Consider the RequiredDeep type from type-fest. In accordance with the issue, we don't get any errors after the 3rd level of depth:

import { RequiredDeep } from "type-fest"

declare const b: RequiredDeep<{
    a: { b: { c: "B" } }
}>

const a: RequiredDeep<{
    a: { b: { c: "A" } }
    // no error
}> = b

These kinds of types are quite common, and this limitation is not difficult to run into. In fact, as far as I can tell, it is currently impossible to write a version of RequiredDeep that circumvents this problem. I think the reason we haven't heard more about this bug is exactly the reason it is so insidious- no normal form of type testing would catch this.

ArkType has hundreds of tests both snapshotting typeToString() results as well as comparing types directly for equivalency. This issue has always affected any ArkType definition that is more than 3 levels deep, but I'm just now learning about it because why would I write a test comparing two types that I can see serialize the way I expect and give type hints?

However, that doesn't mean there aren't potentially hundreds or thousands of errors out there being ignored as a result of this logic.

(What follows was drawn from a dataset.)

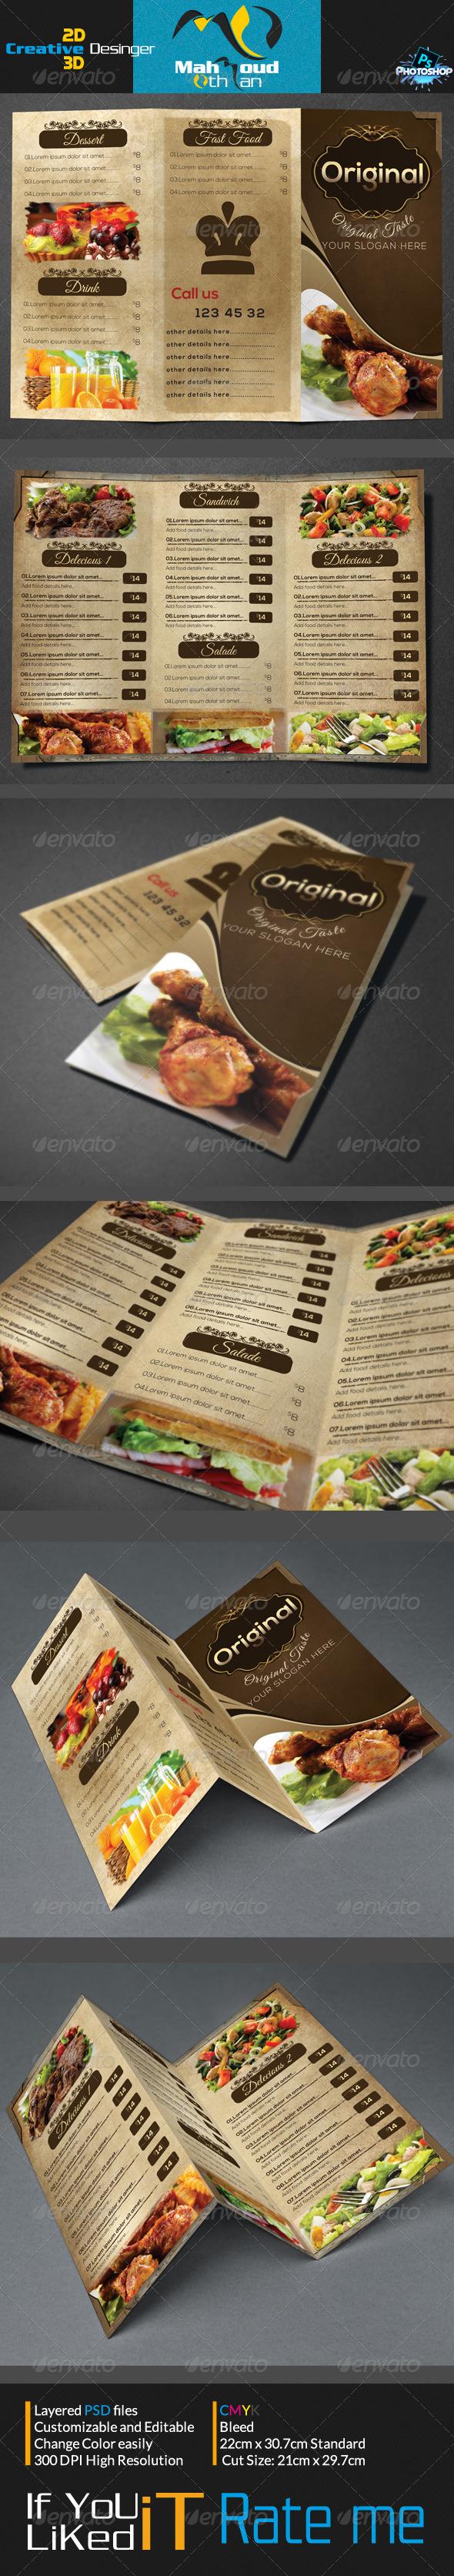 Vintage Trifold Restaurant Menu

I understand these kinds of recursive structural comparisons are complex and perf-intensive, and having a depth cutoff is necessary. Is there any reason we can't adjust the behavior upon hitting this limit so that instead of allowing the mutual assignment, it fails?

The false negative here would be much more easily discovered and solved via a simple cast, unlike the current behavior which is extremely hard to find and seemingly impossible to resolve, even with knowledge of it.